Особенно широкого распространения книжка о. Лебедева не получила: например, в Казань, где многие лично знали и уважали о. Феодора, она вовсе не попала. Но в Петербурге ее знали все, интересовавшиеся рассматриваемой полемикой. Впечатление, произведенное ею, было довольно сильное. «Книжный Вестник» того времени, давая о ней известие, писал, что Аскоченскому после нее остается только прикрыть свое издание и уехать в свой Киев. Написана она была, действительно, солидно, с серьезным разбором и сочинения о. Феодора, и критики на него Аскоченского, и с ясной постановкой вопроса о борьбе и сравнительном достоинстве выразившихся в них двух воззрений на православие, вопроса, следовательно, весьма важного. Понятно, что и отповеди она требовала такой же солидной. Но Аскоченский, чувствуя трудность своего скользкого положения, почел за лучшее уклониться от такого рода отповеди и прибегнуть к своему обычному средству выпутываться из затруднения, – напустить на себя презрение к противнику и дискредитировать его бранью, не касаясь самого существа дела.

В 7 выпуске «Домашней Беседы» за 1862 г. в отделе «Изгари» (стр. 169) он писал, что вышла такая-то книжка. Автор ее скрыл свое имя, но «мы знаем, из какой это кучи бьет гром. Осенив себя крестным знамением, мы принялись за чтение этой книжки и с первых же страниц были поражены этим горячим, бесцеремонным тоном, этой безоглядочной бранью и руганью, которою темный человек (т. е. анонимный автор) осыпает не только редактора, но и всех, сочувствующих ему»... Нужно заметить, что книжка о. Лебедева, хотя подчас действительно сильно задевающая «Домашнюю Беседу», вовсе не производит такого впечатления, о котором здесь говорится и которое производят все полемики того времени, и едва ли не больше всех полемика самого Аскоченского... «Из-за чего же?
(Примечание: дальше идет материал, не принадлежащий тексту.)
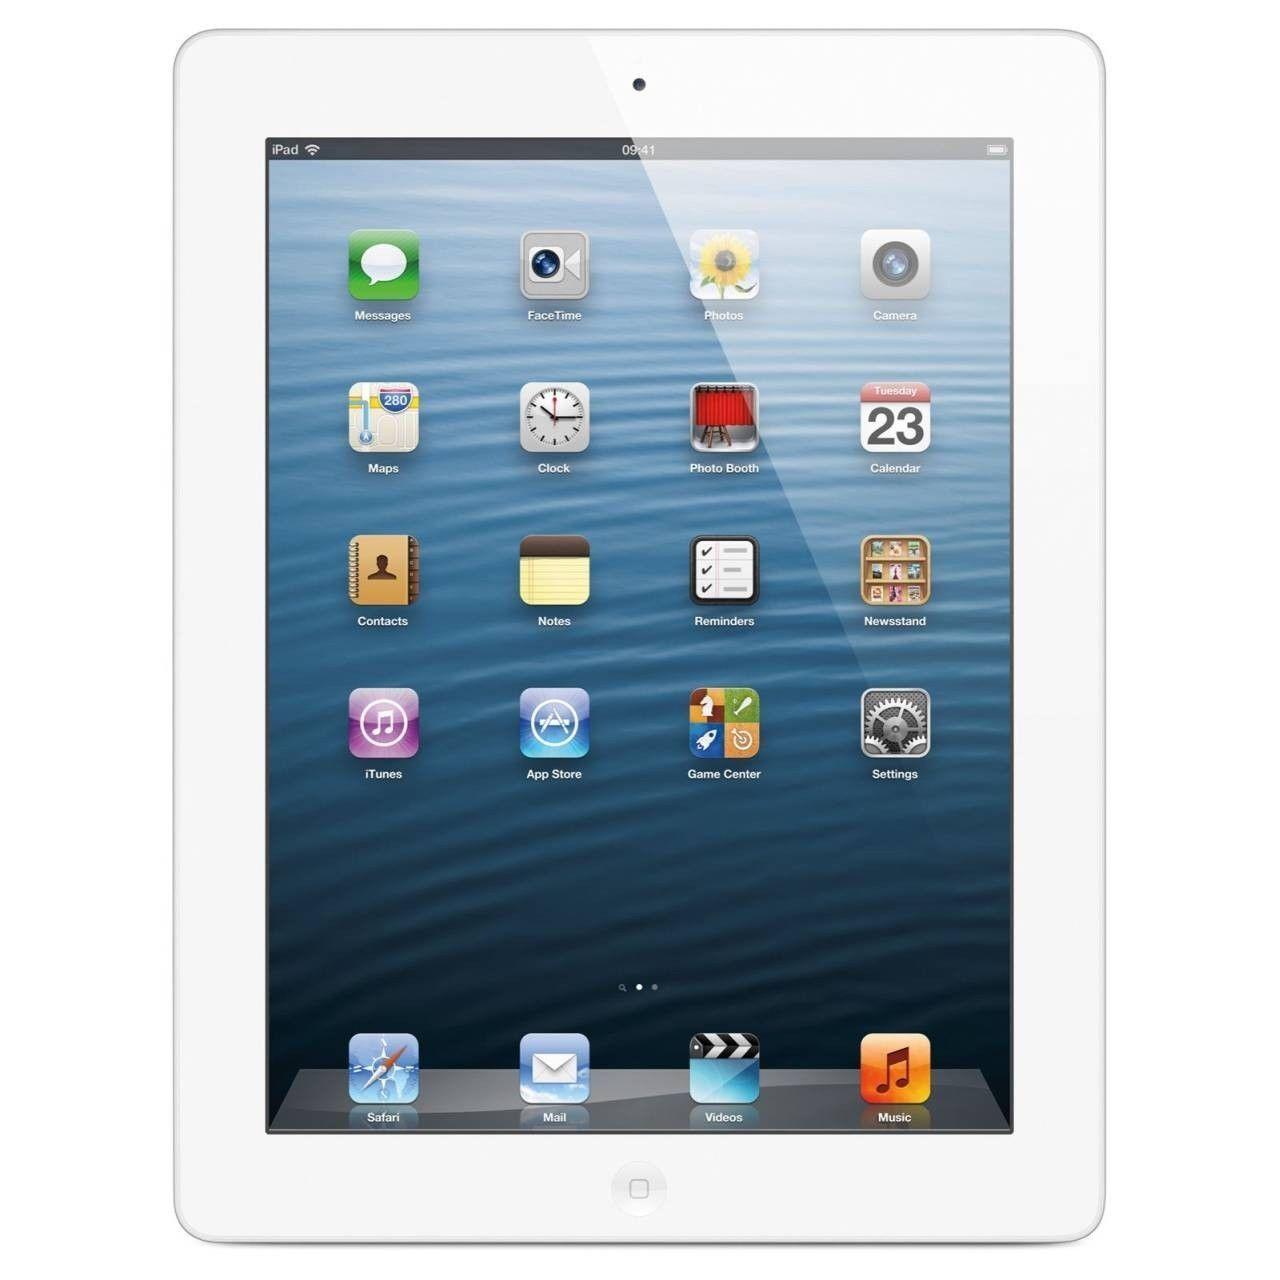 Apple iPad 2 64GB, Wi-Fi + 3G AT&T (Unlocked), 9.7in - WHITE - Grade A (R)

Из-за того, что «Домашняя Беседа» осмелилась наряду с другими, стать на защиту учения Церкви православной» против нехристианских и противонравственных мыслей и их пропаганды, «что она честно и открыто поведала читающему миру об ошибках несчастной книги «О православии в отношении к современности», – книги, послужившей кодексом тех убеждений и ложных толкований, какие настойчиво проводит ныне один из журналов с громким названием («Прав. Обозрение»?)... С грустью читали мы эту ожесточенную (!) филиппику и раздумывали про себя, отвечать на это или нет». Порешили, конечно, не отвечать – книга де у всех перед глазами, пусть читатели сами решат, – кто прав, кто виноват. «Мы сказали и теперь повторяем, что не согласимся ни за что волочить по литературной площади такие важные вопросы, как восприятие Господом нашим И. Христом естества человеческого, как учение Церкви о покаянии и подобные сим предметы. Для этого у нас есть суд Церкви представительной (?): как он положит, так тому и быть». Значит, как начальство.

Между тем, отказавшись под прикрытием красного словца о «литературной площади» отвечать автору брошюры, Аскоченский несколько раз принимался задевать его в своей «Беседе», называя его памфлетистом, жалким ругателем, бросающим в хорошего человека грязью, которая падает, впрочем, на него же самого, даже спекулянтом, издавшим свою книжку ради лишнего рубля и т. п. (наприм., вып. 45, стр. 396). Видно было, что он задет был этим «жалким памфлетистом» очень чувствительно. Наконец, в 50 выпуске «Домашней Беседы» 1862 года явилась большая статья, нарочито написанная против книжки о. Лебедева, в форме письма к нему некоего о. Афанасия Недзельского, священника Киевской епархии (стр. 495–514), не внесшая, впрочем, в решение затронутых вопросов ничего нового и вовсе не защитившая редактора «Беседы».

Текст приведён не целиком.